§ Problem details: Go through the data and copy every line exactly, but not the images.

§ Available data:
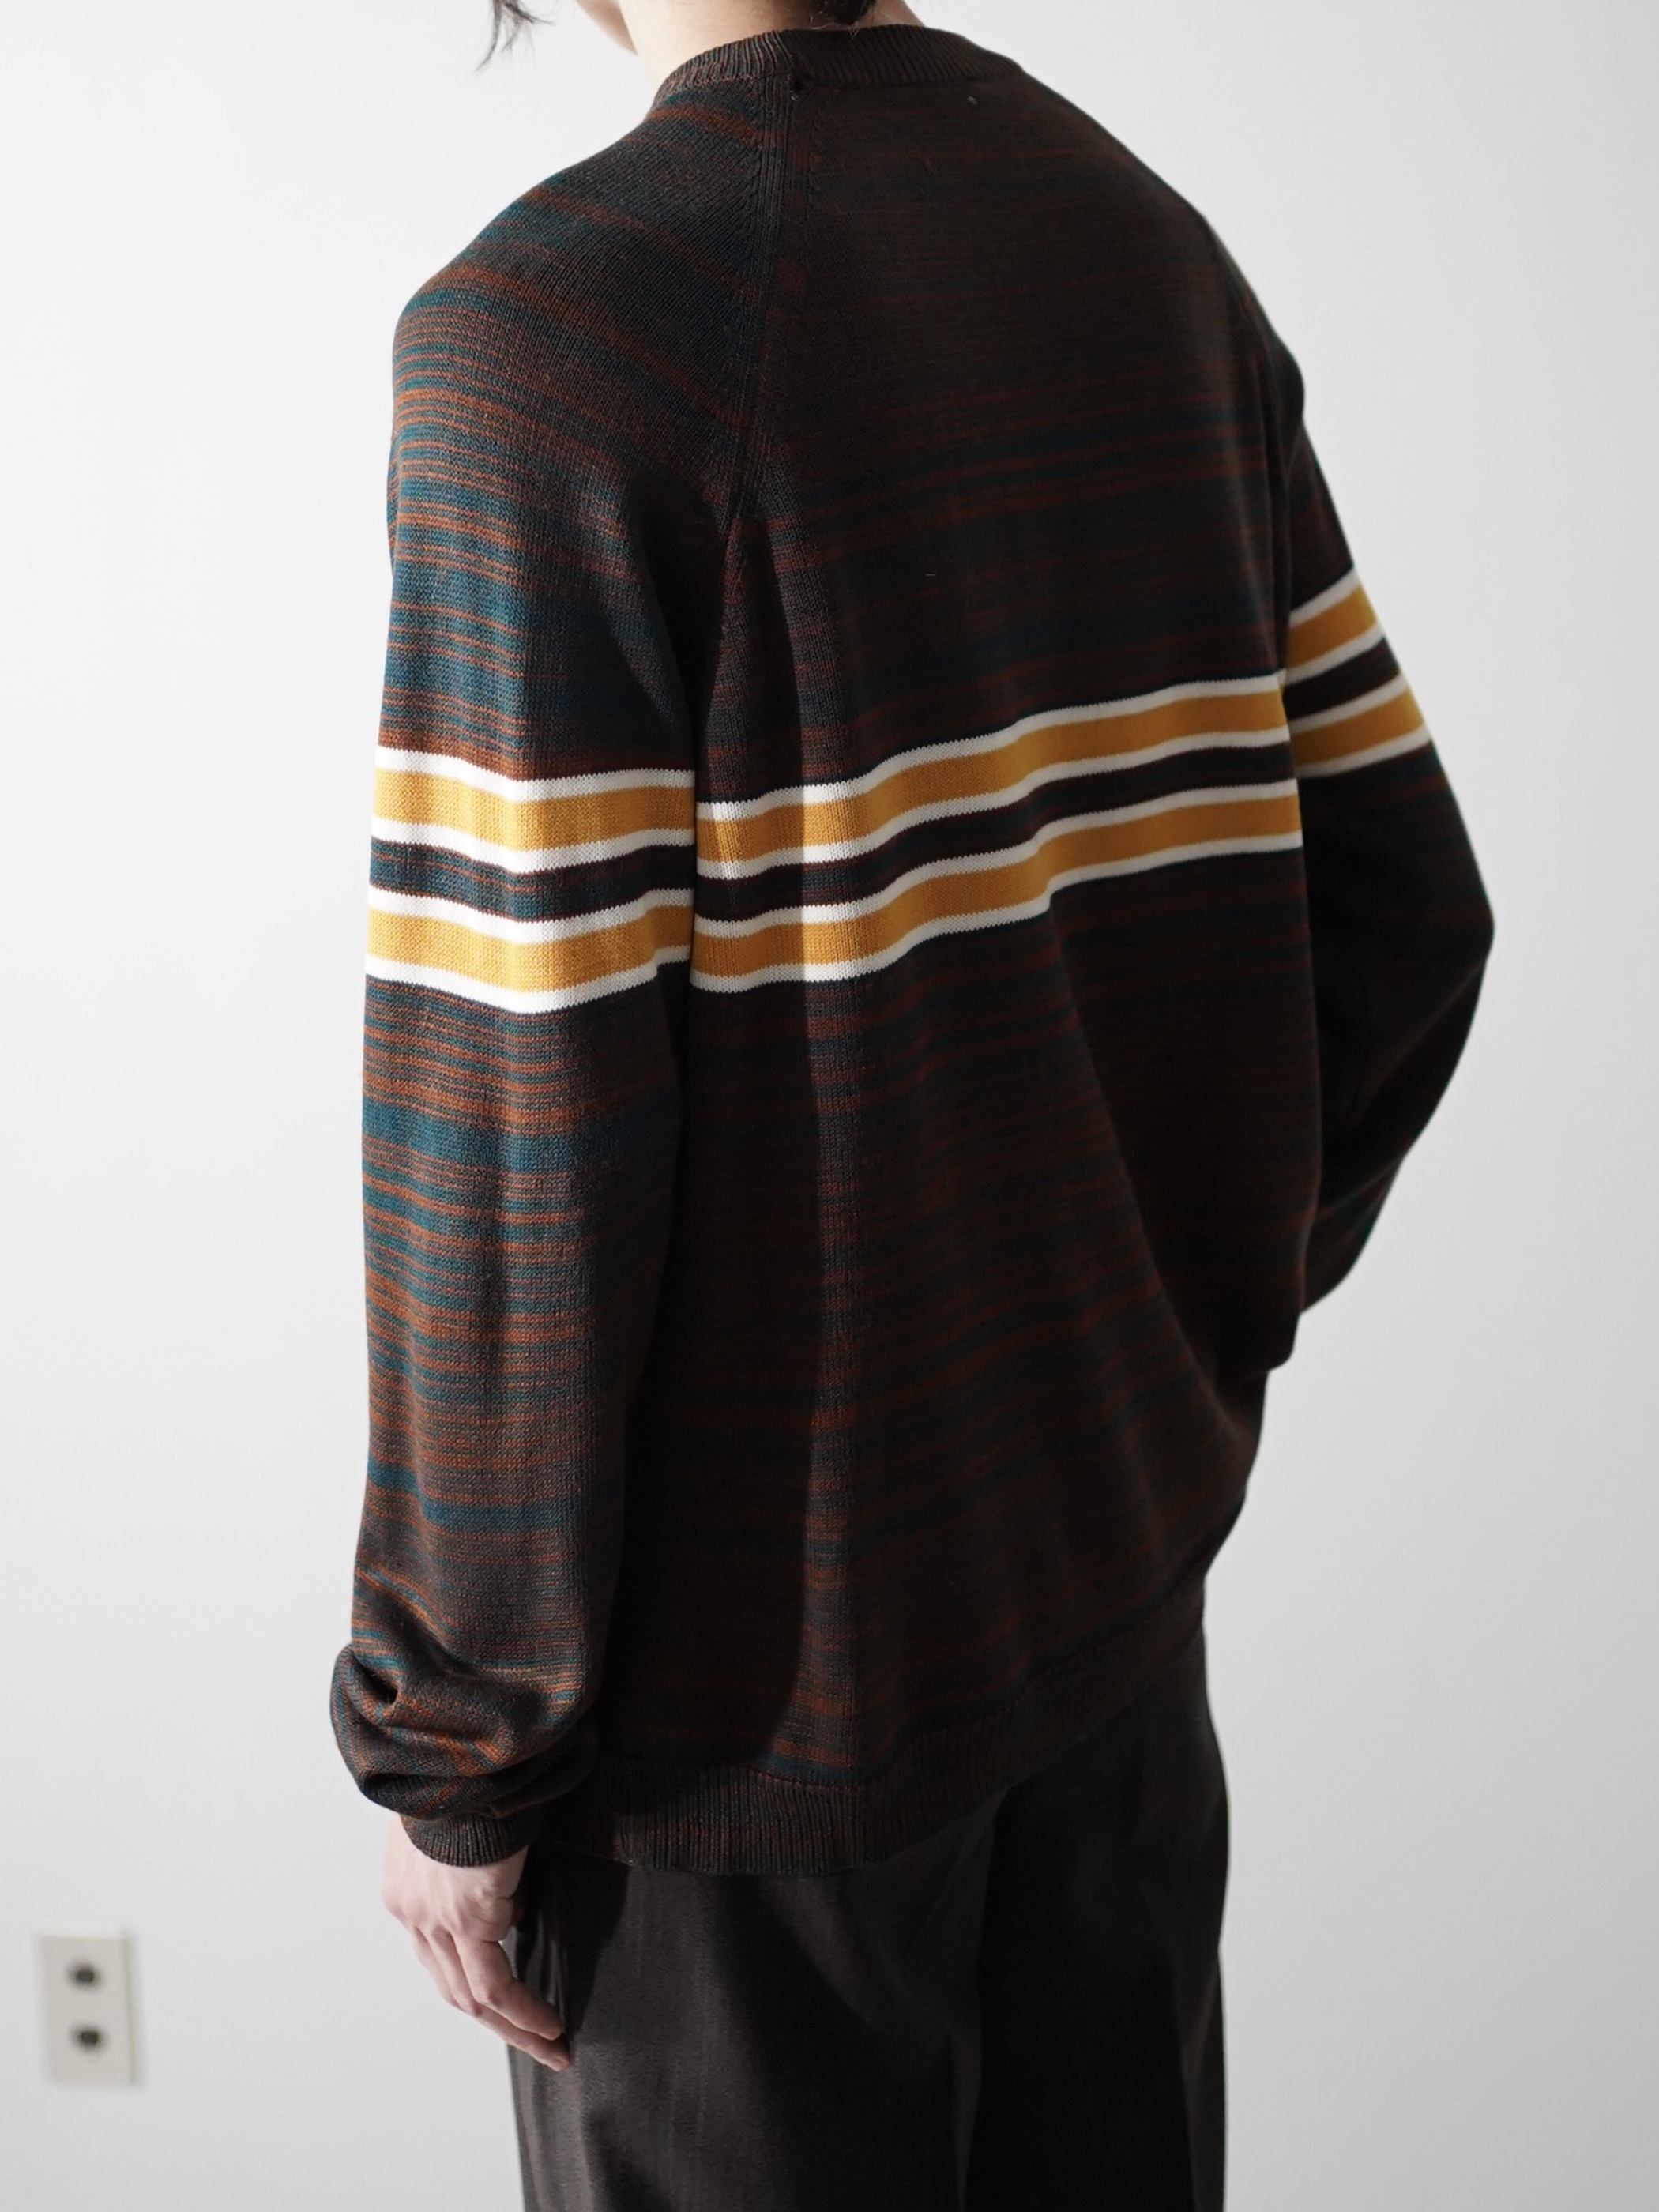 1980's Acryl knit Mulch border sweater
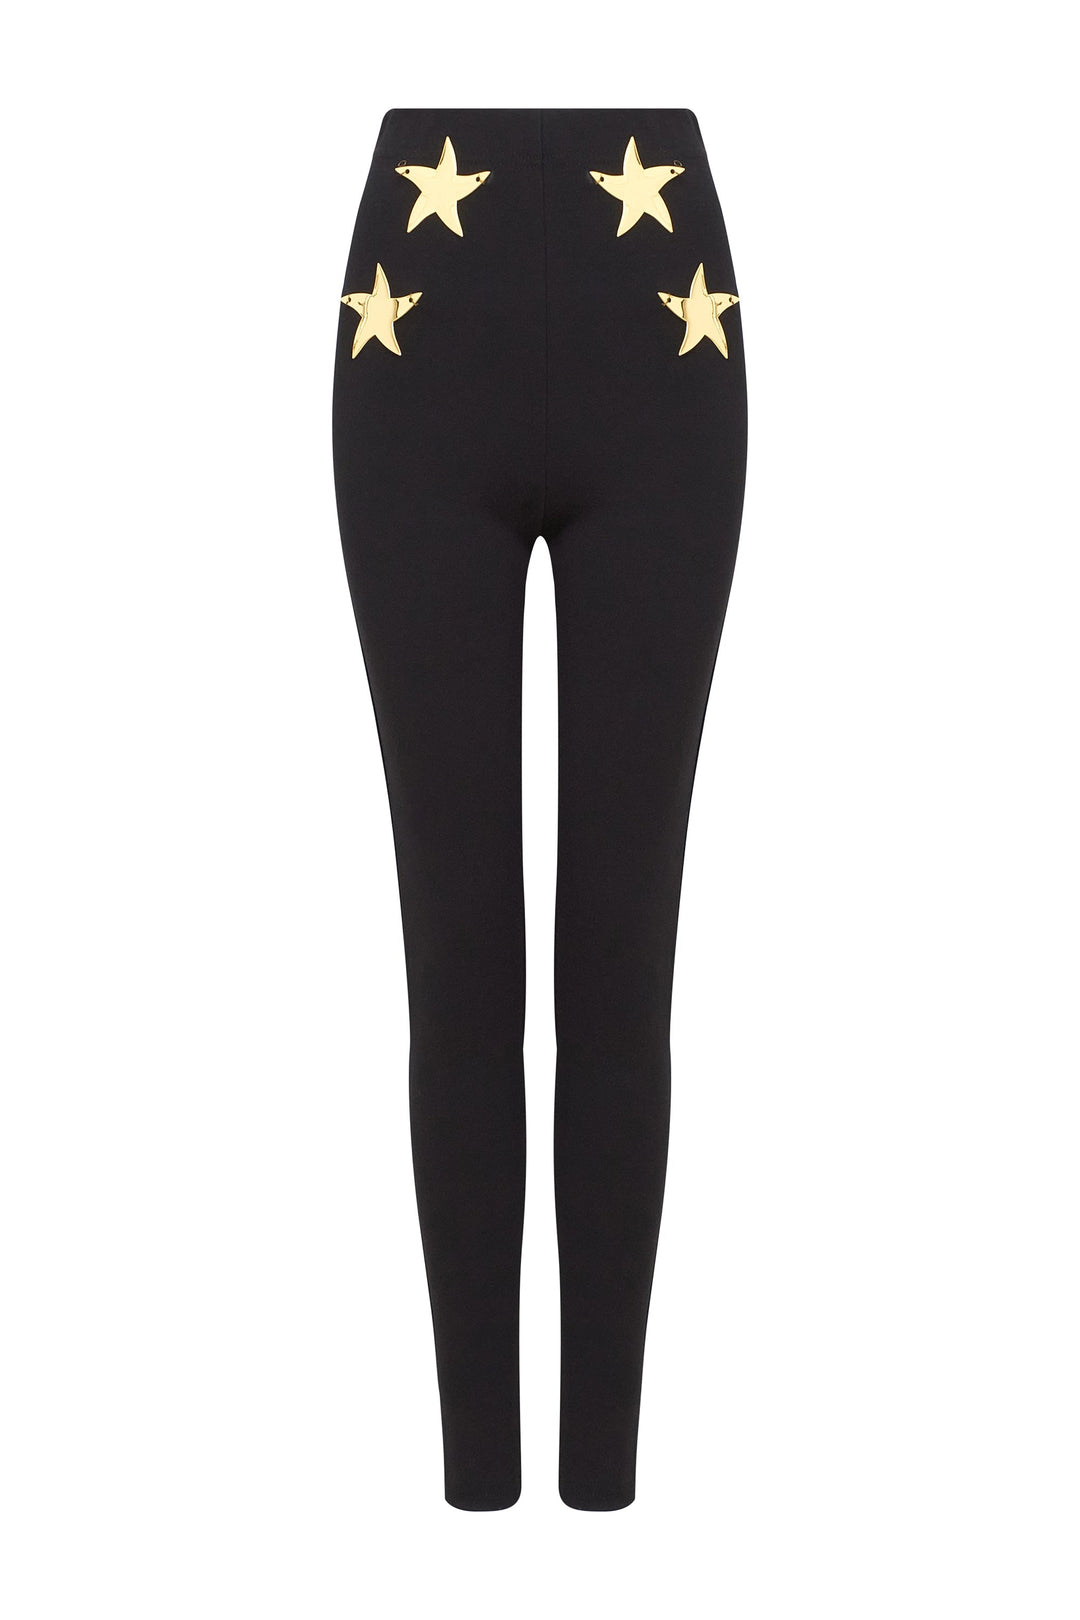 Black jersey leggings with stars
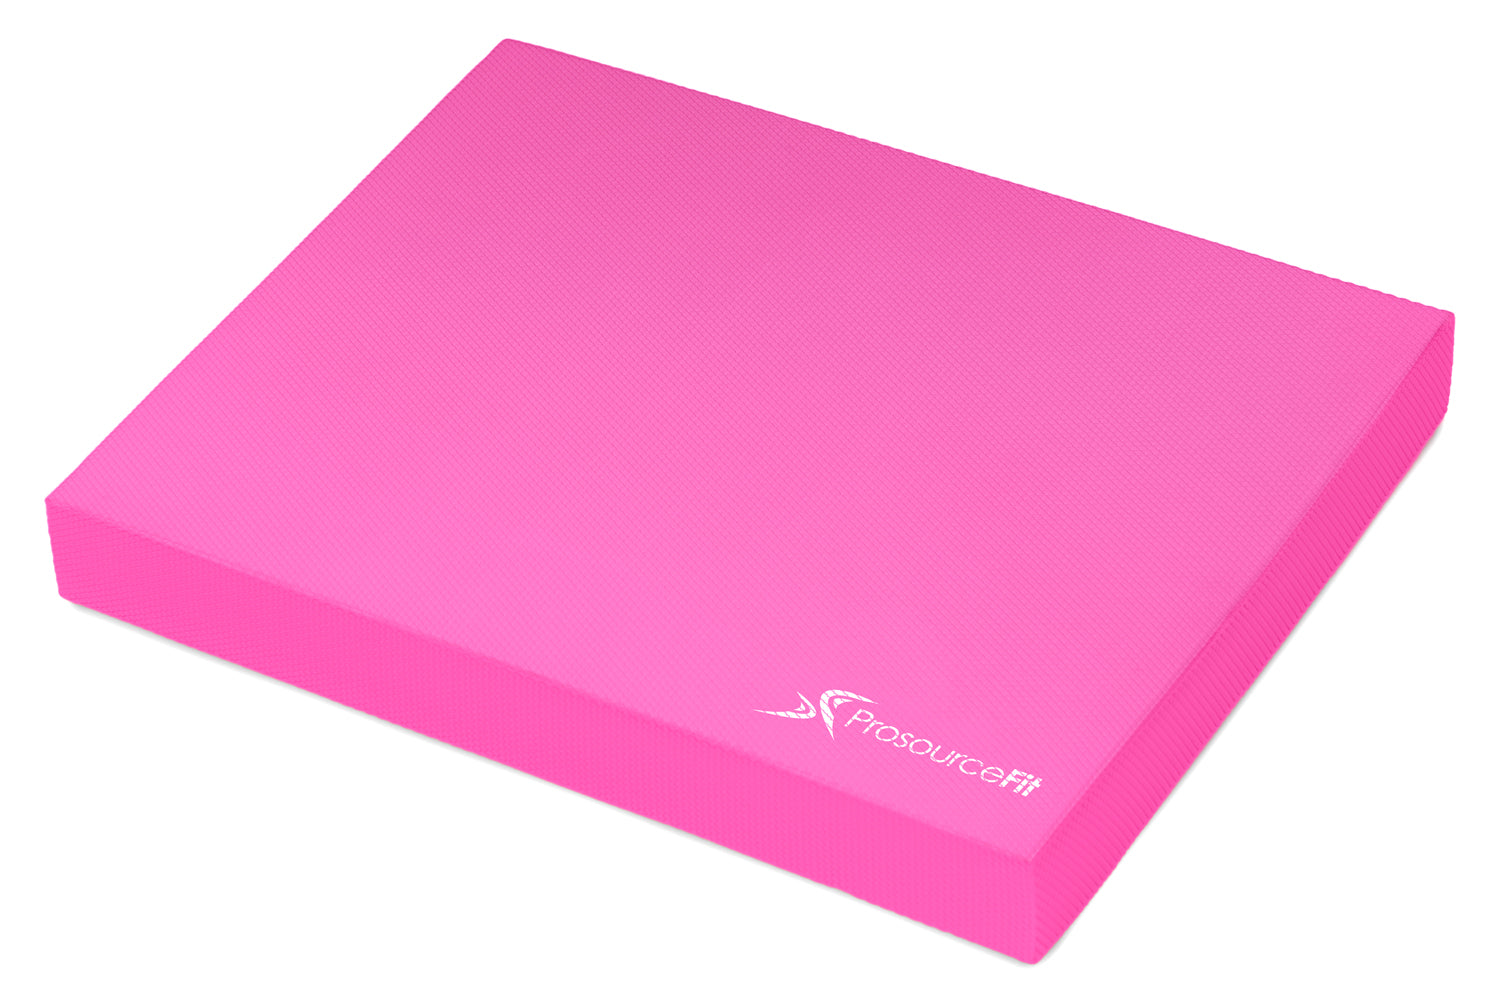 Pink Exercise Balance Pad - Large
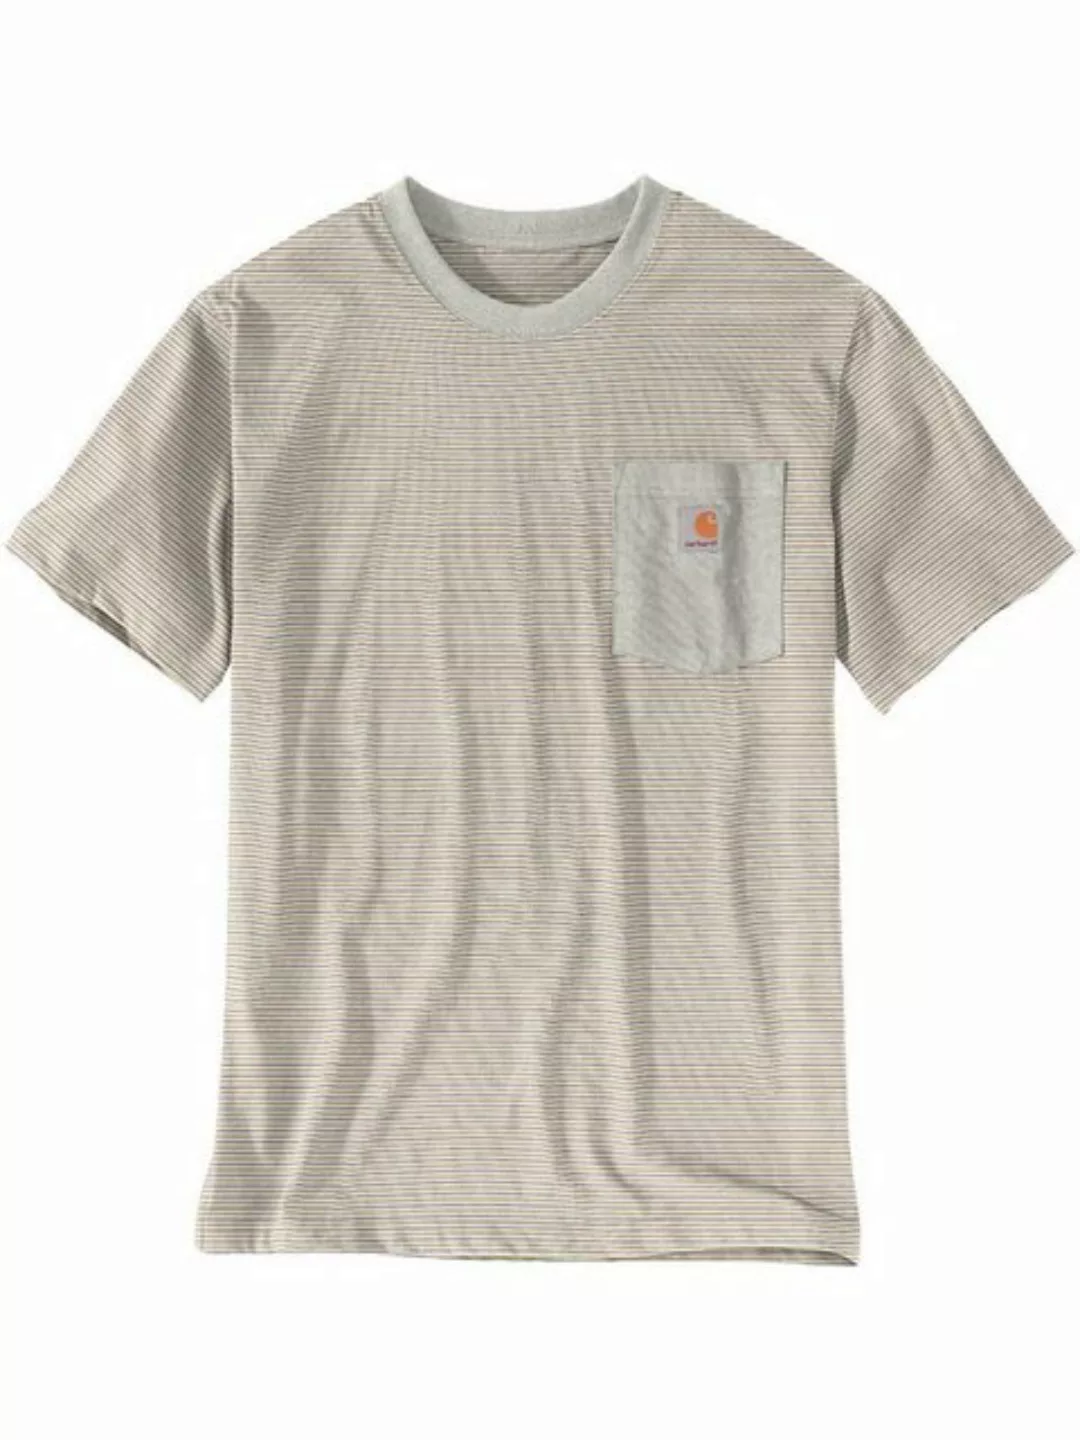 Carhartt T-Shirt 106145-W29 Carhartt Pocket günstig online kaufen

§ Task solution:
 1980's Acryl knit Mulch border sweater
 Black jersey leggings with stars
 Pink Exercise Balance Pad - Large
 Carhartt T-Shirt 106145-W29 Carhartt Pocket günstig online kaufen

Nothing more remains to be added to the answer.